Well, as an aside, subtle courses that do well in rankings such as TOC and #2 (yeah yeah, Pete Dye's comment about the 1st green notwithstanding) almost certainly do so because rankers essentially have been conditioned to like it and because in the echo chamber of modern life it is hard for them to think independently much less arrive at an original thought unmolested by the madding cybercrowd.
So perhaps new subtle courses that depend on rankings are screwed -- unless they have something like ocean views, exclusivity or other non-architectural things. Then a different aspect of rankings "saves" them.
All that said, there might be ways to market a subtle course of quality to give it at least a fighting chance, especially if it's a private course. The goal would be to keep both members and opinion makers from making judgments or sharing opinions until they've personally experienced the course across at least, what, 10 rounds? Maybe stuff like this?
Opinion makers: be very restrictive (in the initial years at least)
1) Ban / discourage rankers -- or maybe just require them to play a minimum of 5 rounds on any visit
2) Ban / discourage rankings -- call up the magazines
3) Restrict photo taking by anyone as much as possible
4) Don't invite magazines to profile the course
Real people: be very open
4) Actually train founding members and staff in the architecture of the course, for example walk the course with the architect
5) Offer 10-round "exploding" memberships (must play 10 rounds within a given amount of time -- idea is to get enough rounds under their belts before opinions from elsewhere start leaking into their brains)

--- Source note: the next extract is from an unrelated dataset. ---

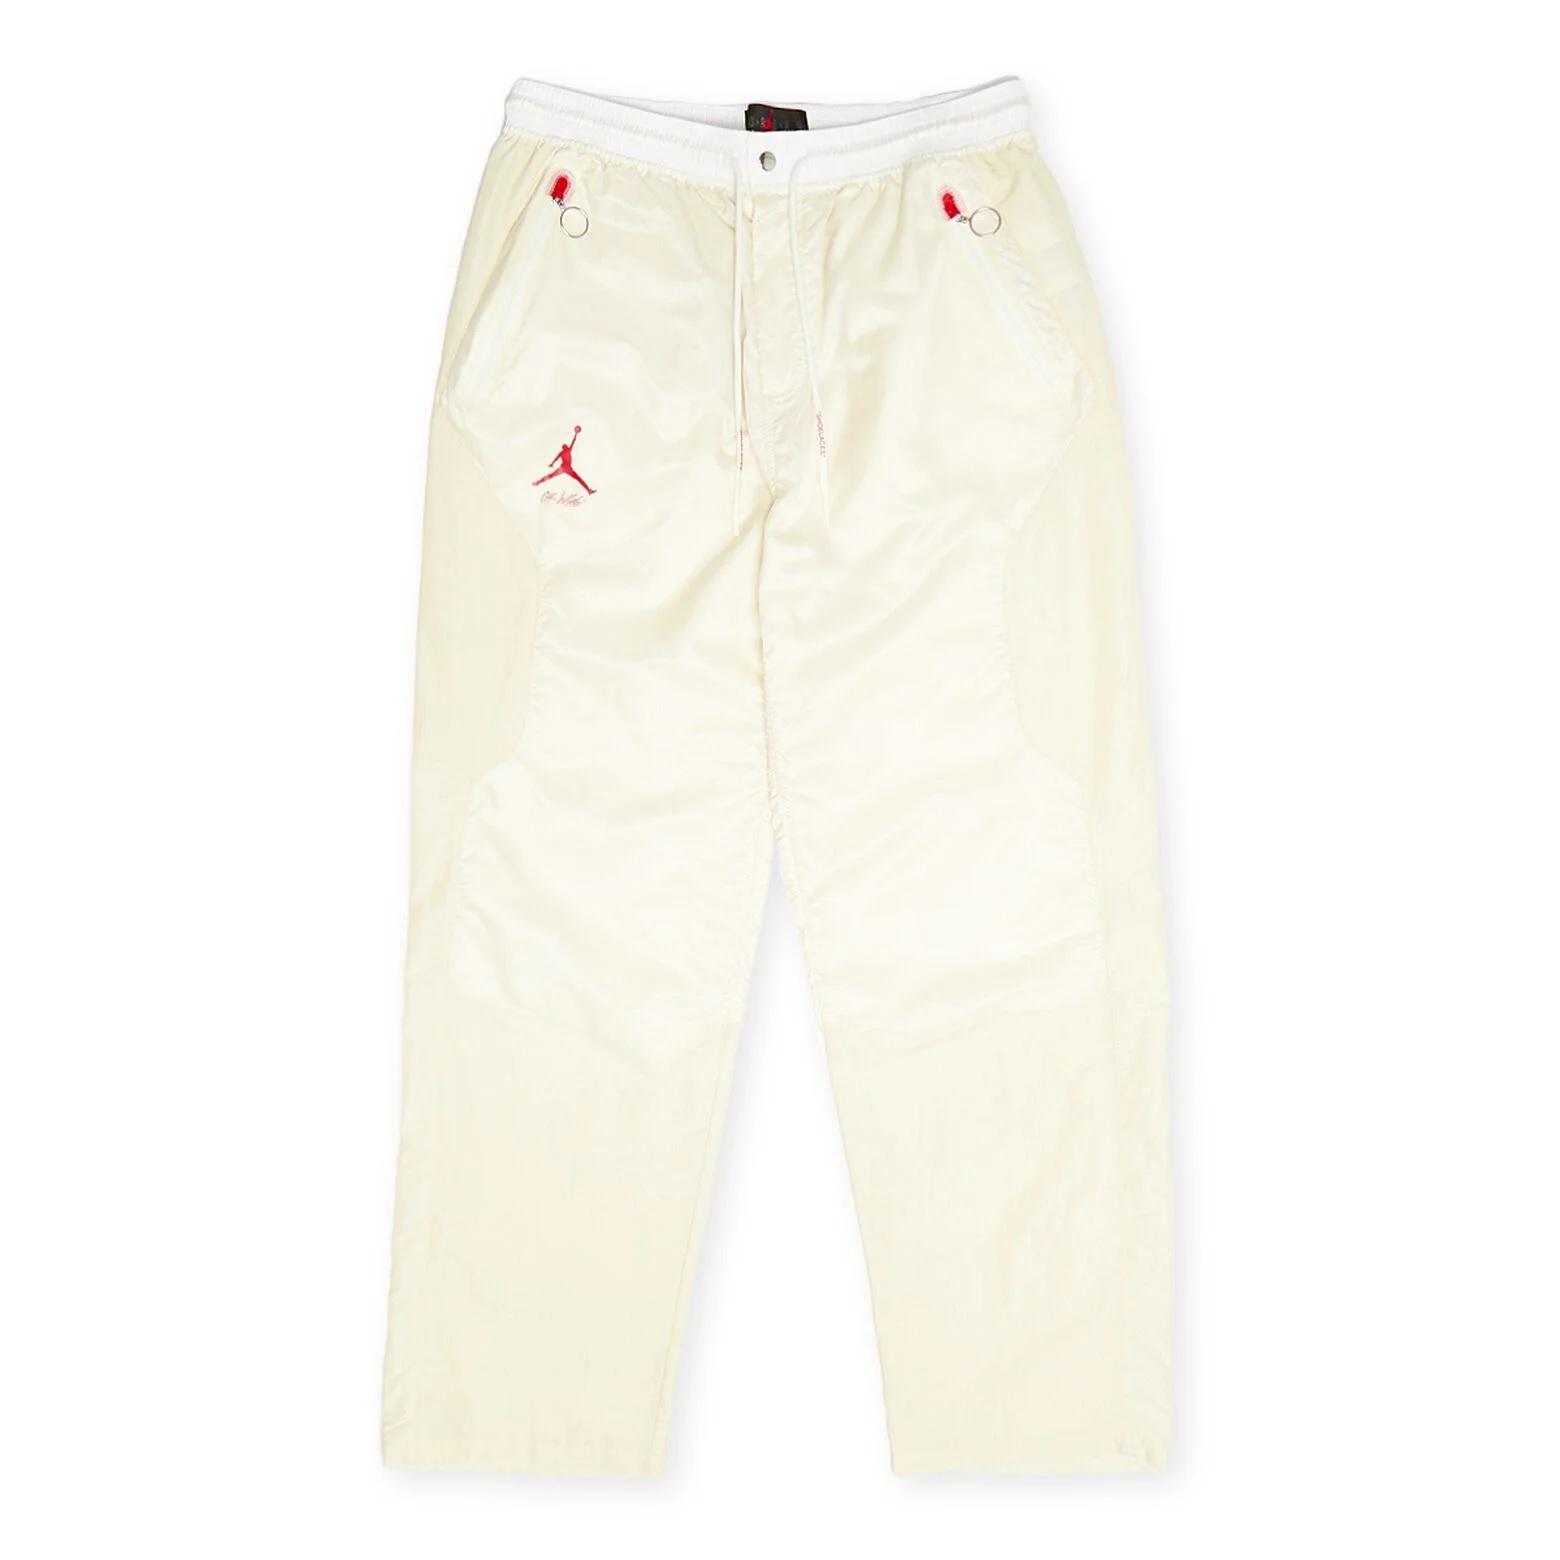 Off-White x Jordan Woven Pants 'Sail/Fossil'}

6) The marketing is the method -- share details of construction, use media in creative ways to share "the making of" type info
7) heck, maybe even create a video game for limited distribution
The goal basically is to give real people enough time to come to an honest assessment -- to experience the good thoroughly enough to really appreciate its quality. No, not easy. But could it be any worse than the current approach? Seems to me it's either doing stuff like this or just giving up entirely on minimalism -- assuming you believe rankings drive the bus.